Red yeast rice, which is made via monascus fermentation with rice as the main raw material, is widely used in traditional food brewing, medical care, and other fields and has great development and research value. Monascus, the dominant strain in red yeast rice, is a traditionally used, small filamentous fungus with abundant species and numerous metabolites, including lovastatin, GABA, monascus pigment, and other active substances, which have beneficial effects such as lowering blood lipids and blood sugar as well as an anti-oxidation effect [12]. Monascus is widely used in the brewing industry, as a color additive, and in fermented foods, and many of the secondary metabolites it produces are beneficial to the human body [13,14,15]. In recent years, there have also been relevant reports on the fermentation of Pu-erh raw tea following monascus inoculation. Tian et al. [16] determined and analyzed the aroma of Pu-erh raw tea fermented by purple monascus, producing a tea with a rice-qu aroma, with 1,2-dimethoxybenzene, 1,2,3-trimethoxybenzene, and (E)-linalool oxide (pyranoid) the main aromatic substances. Deng et al. [17] used purple monascus to ferment Pu-erh raw tea and found that the resulting tea contained lovastatin, which had stronger hypolipidemic and anti-atherosclerosis effects and showed superior anti-inflammatory effects compared to Pu-erh raw tea.

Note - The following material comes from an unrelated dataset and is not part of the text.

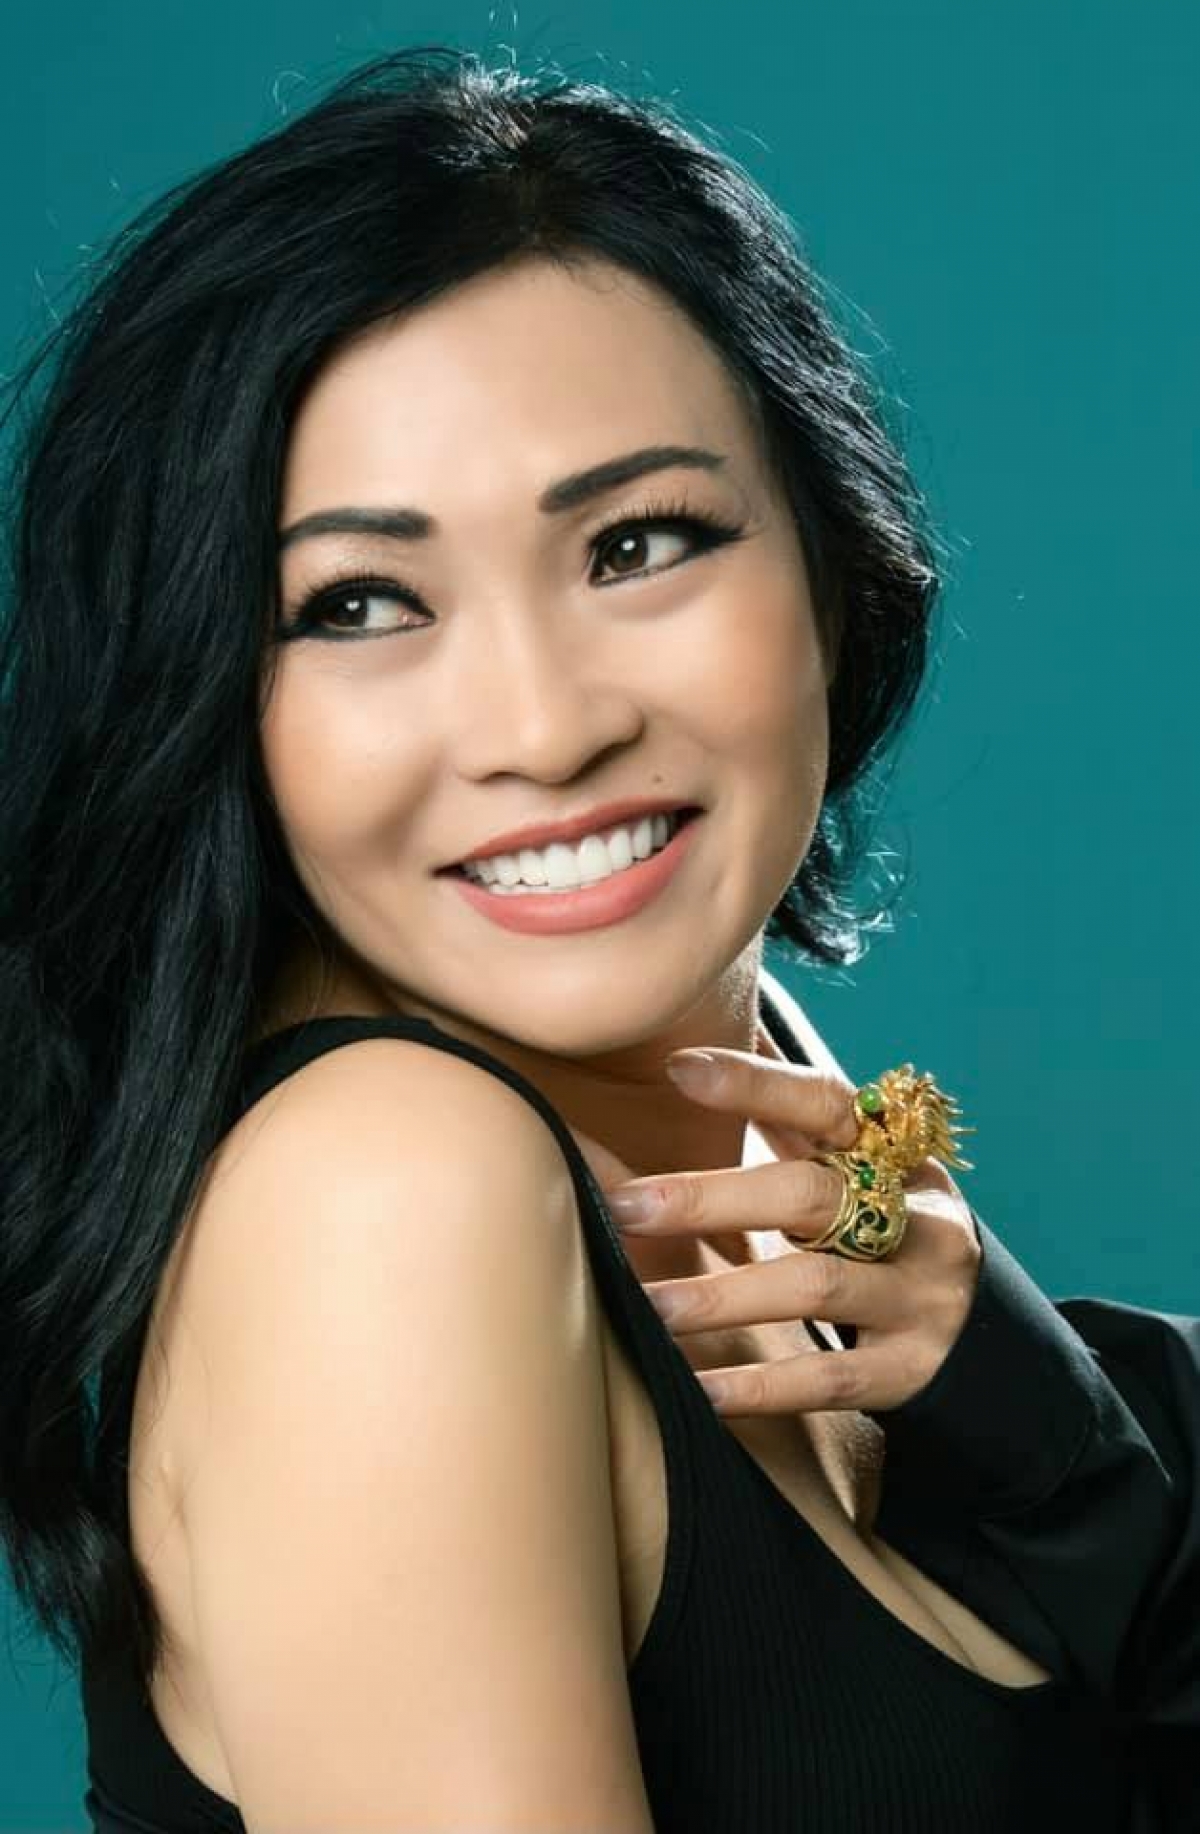 Một Thời Đã Xa là bài hát đình đám gắn liền với sự nghiệp của 'chị Chanh' Phương Thanh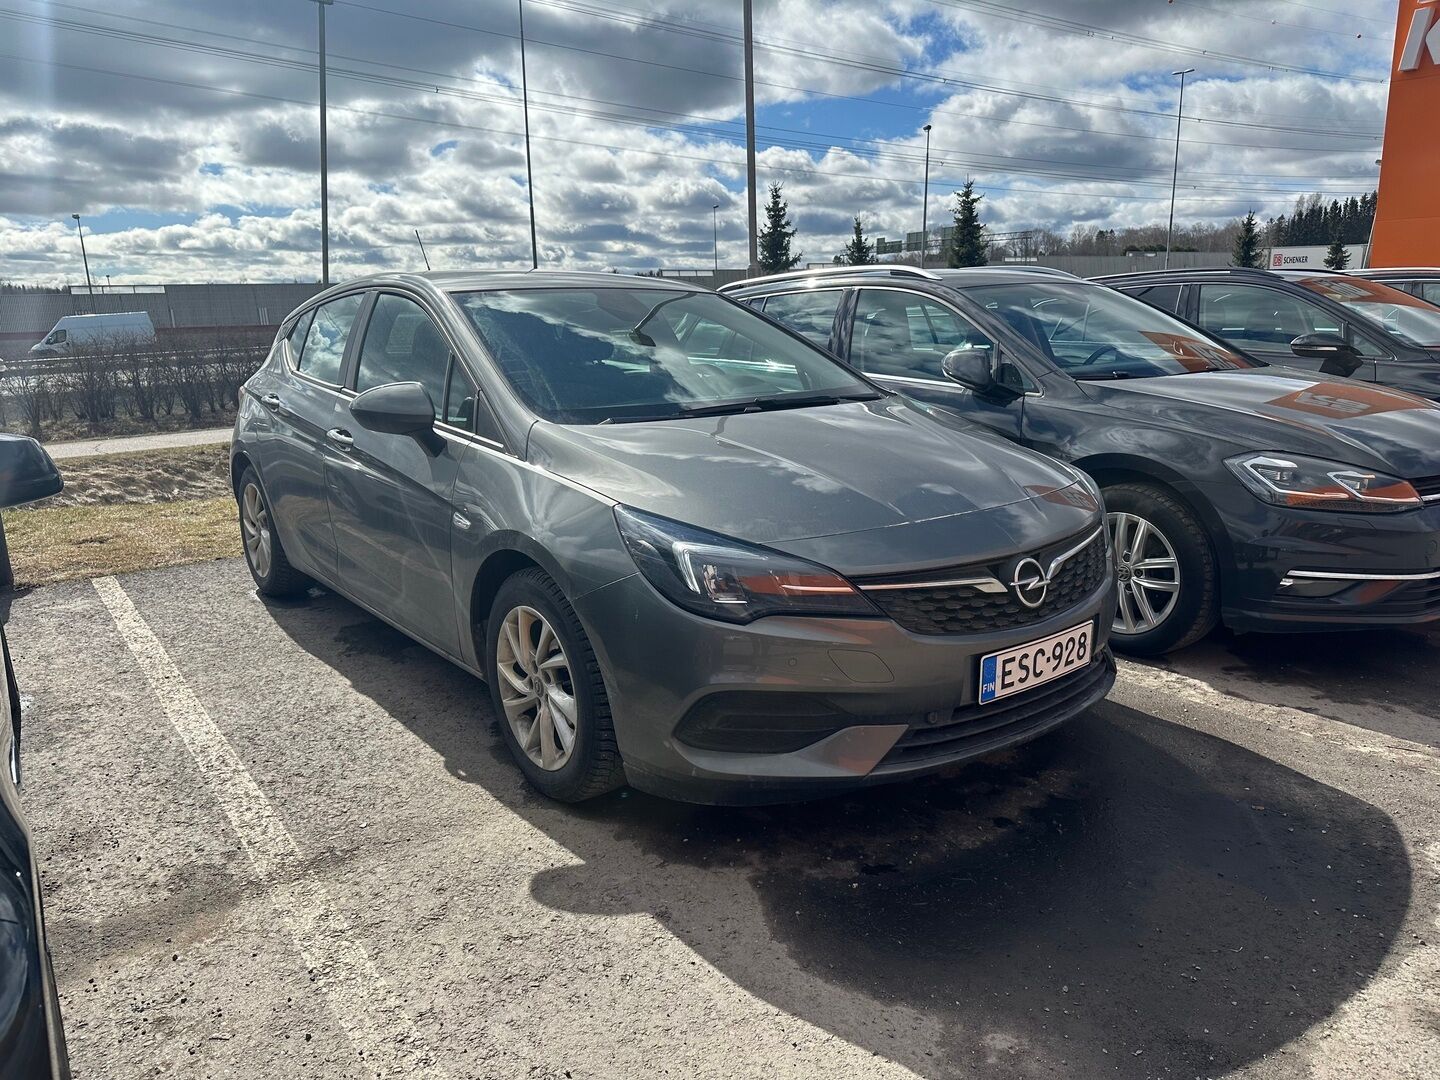 Harmaa Viistoperä, Opel Astra – ESC-928

In this study, four purple monascus strains were isolated and purified from commercial monascus rice and mixed into Pu-erh raw tea in equal proportions for fermentation. The flavor quality and lipid-lowering function of the tea samples before and after fermentation were measured and compared, and the effects of the mixed fermentation with various monascus strains on the flavor quality and health care efficacy of the Pu-erh raw tea were investigated. This study clarifies the effect of mixed monascus inoculation on the flavor quality of Pu-erh tea and provides a reference for monascus fermentation and the rich processing of Pu-erh tea.

2. Materials and Methods

2.1. Chemicals and Reagents

Epicatechin (EC), catechin (C), gallocatechin (GC), epigallocatechin (EGC), epigallocatechin gallate (EGCG), gallocatechin gallate (GCG), epicatechin gallate (ECG), catechin gallate (CG), theobromine, theophylline, and caffeine were all purchased from Sigma-Aldrich (USA). Methanol, isopropanol, and trifluoroacetic acid were all chromatogram-pure (Shanghai, China, Shanghai Aladdin Biochemical Technology Co., LTD.). Purity > 99%. Ninhydrin, stannous chloride, potassium dihydrogen phosphate, disodium hydrogen phosphate dodecahydrate, methanol, sodium carbonate, Folin’s phenol, boric acid, and sodium hydroxide were of analytical grade and purchased from Macklin Biochemical Technology Co., Ltd. (Shanghai, China). Phosphate-buffered solution (PBS), Fetal Calf Serum (FBS), oleic acid (OA), MTT, and DMSO were all purchased from Sigma-Aldrich (St. Louis, MO, USA). Potato Dextrose Agar (PDA), Malt Extract Agar (MEA), High-glucose medium (DMEM), and pancreatic enzymes were all purchased from Sangon Biotech (Shanghai, China).

2.2. Methods of Isolation and Identification of Monascus

Commercially available red yeast rice (Anhui Mengsheng Pharmaceutical Co., Ltd., Hefei, China) was crushed by a pulverizer and sieved with a 40-mesh sieve. Under the ultra-clean bench, 10 g of red yeast rice powder was taken and shaken evenly in a 90 mL sterile water triangle bottle with glass beads. After full shock, the liquid was diluted several times and 0.2 μL was absorbed and evenly coated on PDA medium, and cultured in a 30 °C biochemical incubator. When the colony entered the vigorous period, the mature red colony was picked with a sterile inoculation ring and streaked for 5 days. A single purified colony plate was picked again and streaked for 3–4 times to obtain a purified strain. The obtained strain was recorded with a number and stored in a 4 °C refrigerator. The isolated and purified monascus was seeded in Malt Extract Agar (MEA) medium to observe the colony morphology.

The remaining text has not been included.